All of the data is to be written out again exactly, without the pictures.

[[ AVAILABLE DATA open ]]

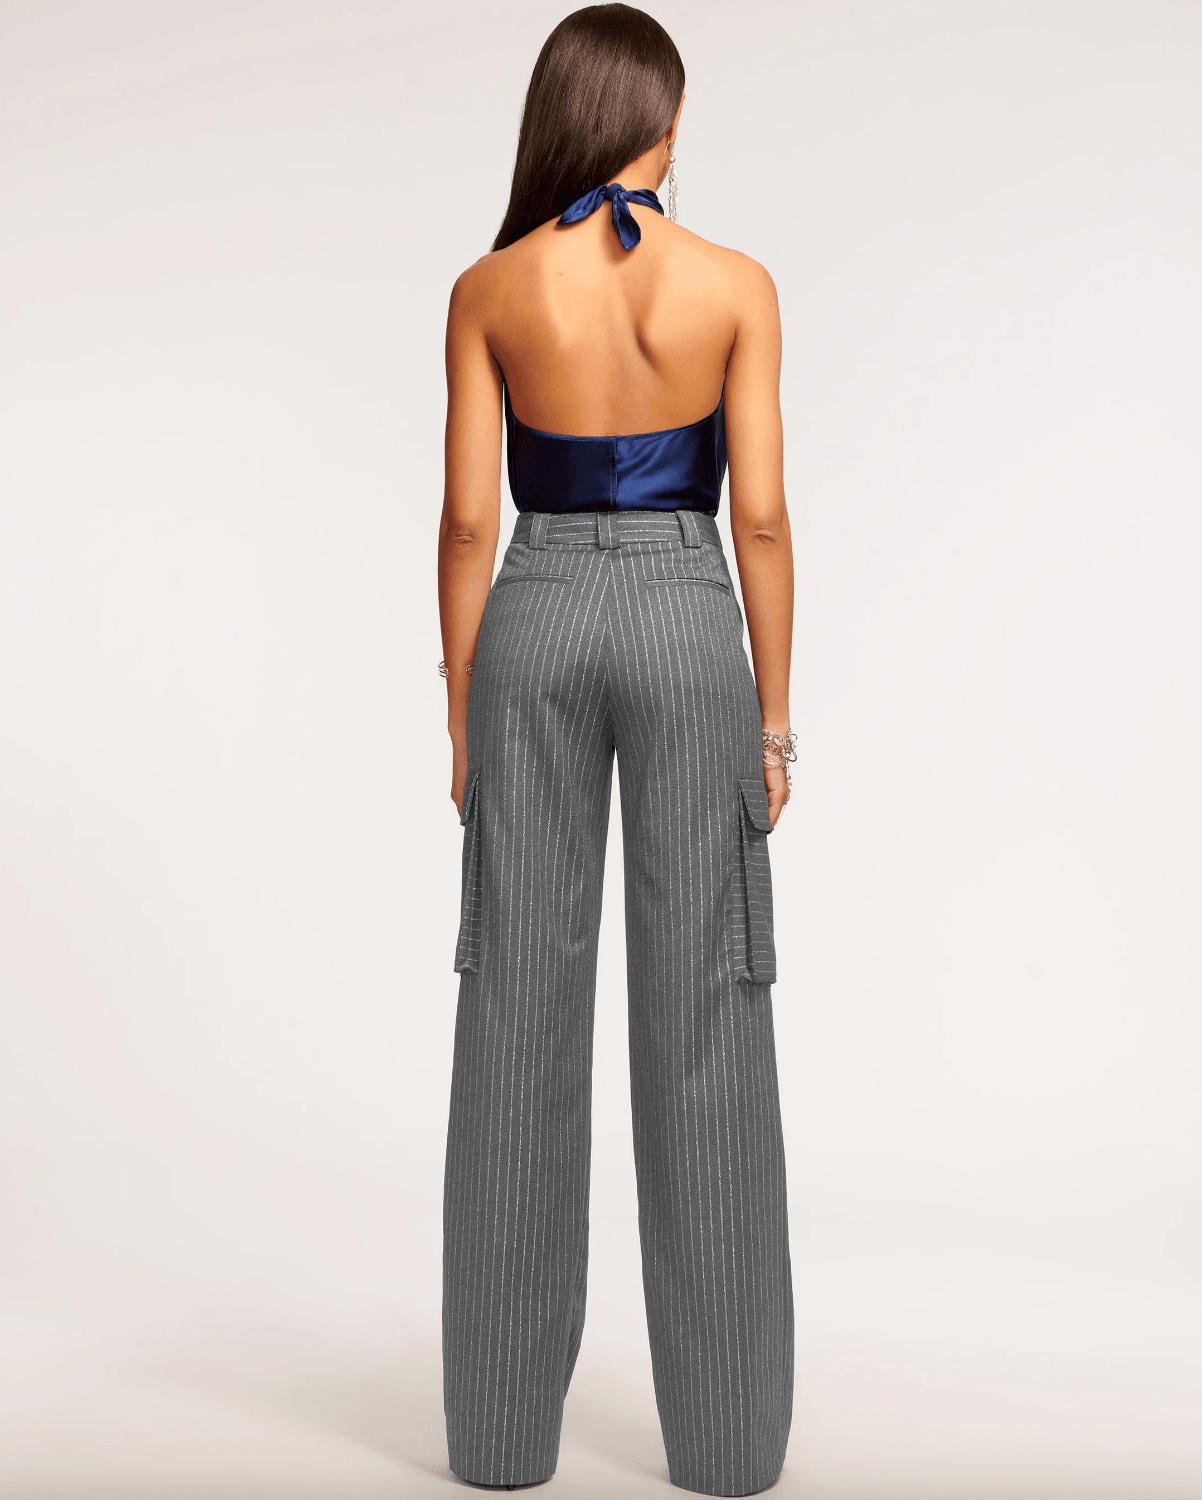 Noa High-Waisted Pant by Ramy Brook - Haven
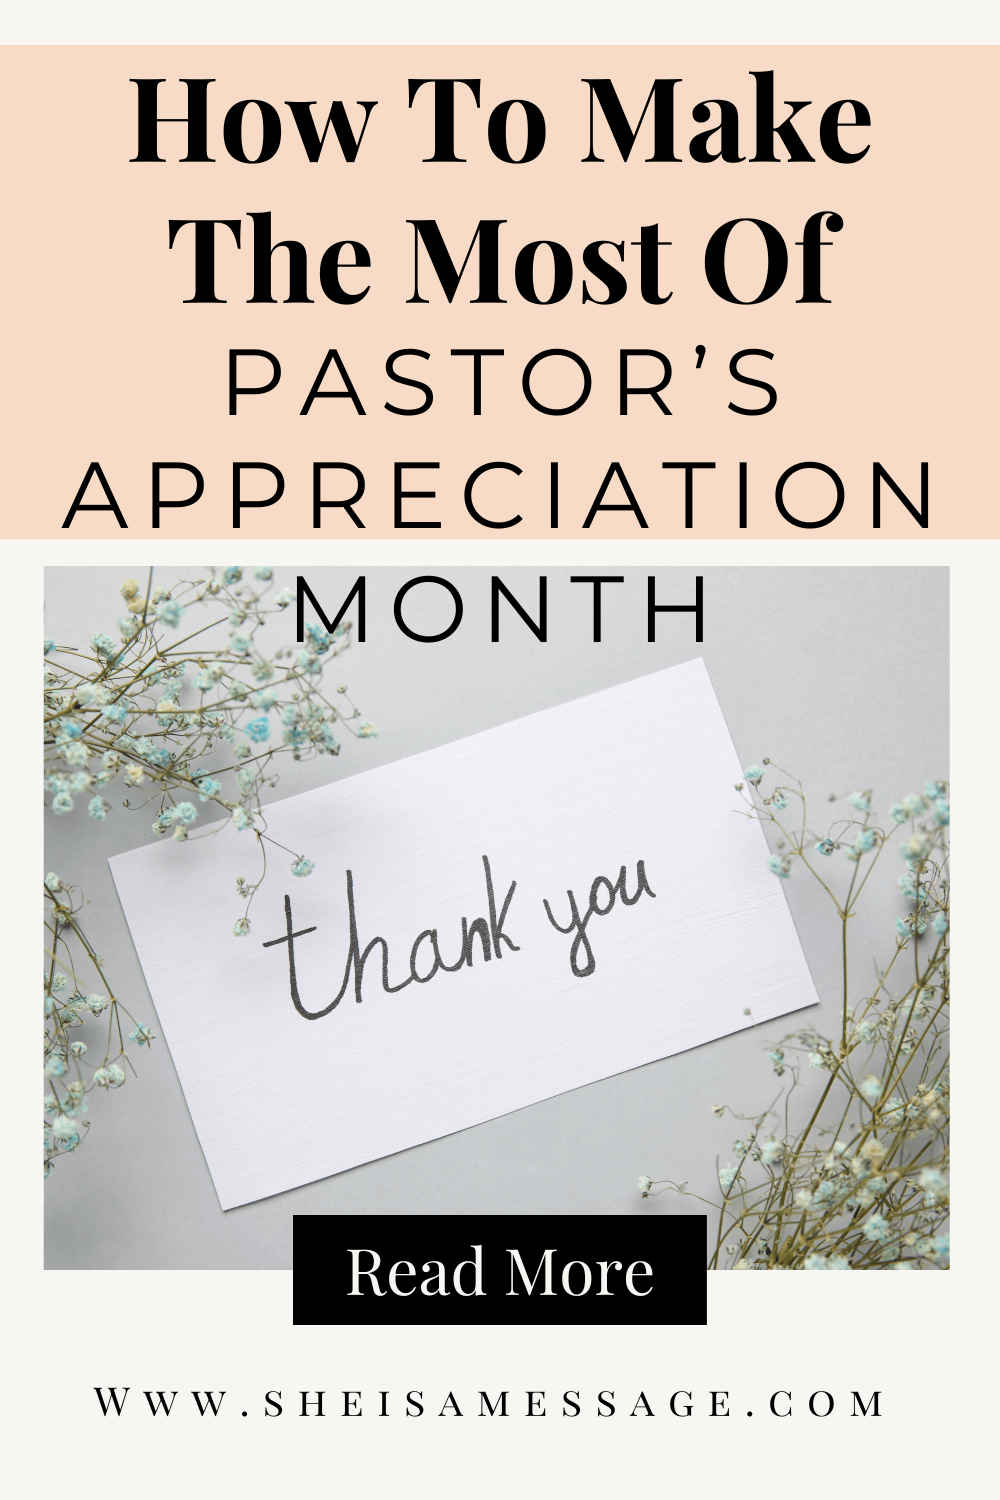 How To Make The Most Of Pastor's Appreciation Month Two
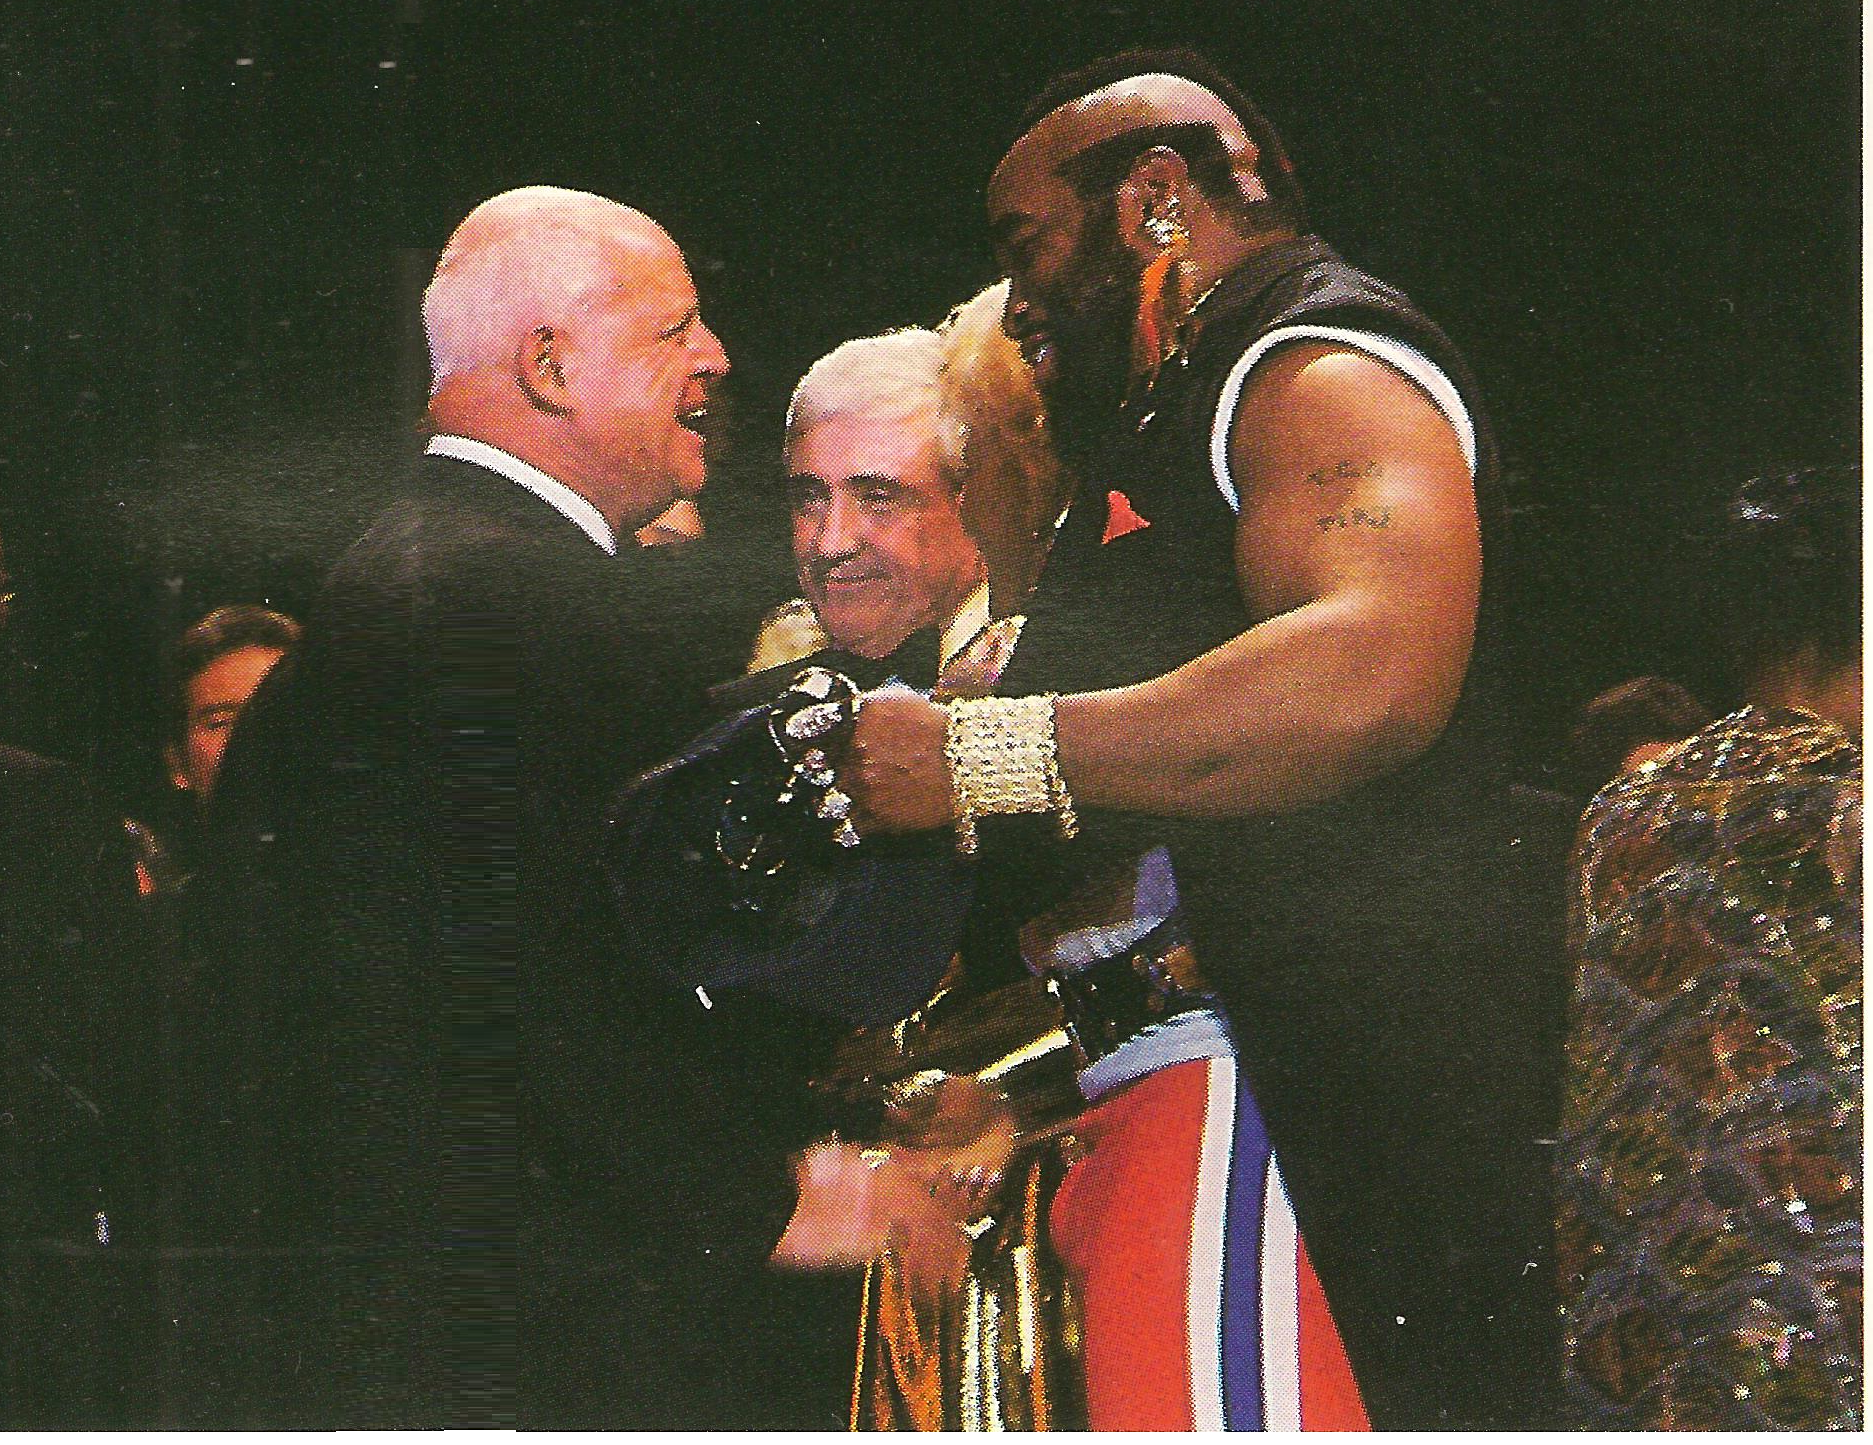 Don Rickles, Merv Griffin and Mr. T at the 1985 Inaugural Gala.

[[ AVAILABLE DATA closed ]]

■ RESPONSE FOR THIS EXERCISE ■
 Noa High-Waisted Pant by Ramy Brook - Haven
 How To Make The Most Of Pastor's Appreciation Month Two
 Don Rickles, Merv Griffin and Mr. T at the 1985 Inaugural Gala.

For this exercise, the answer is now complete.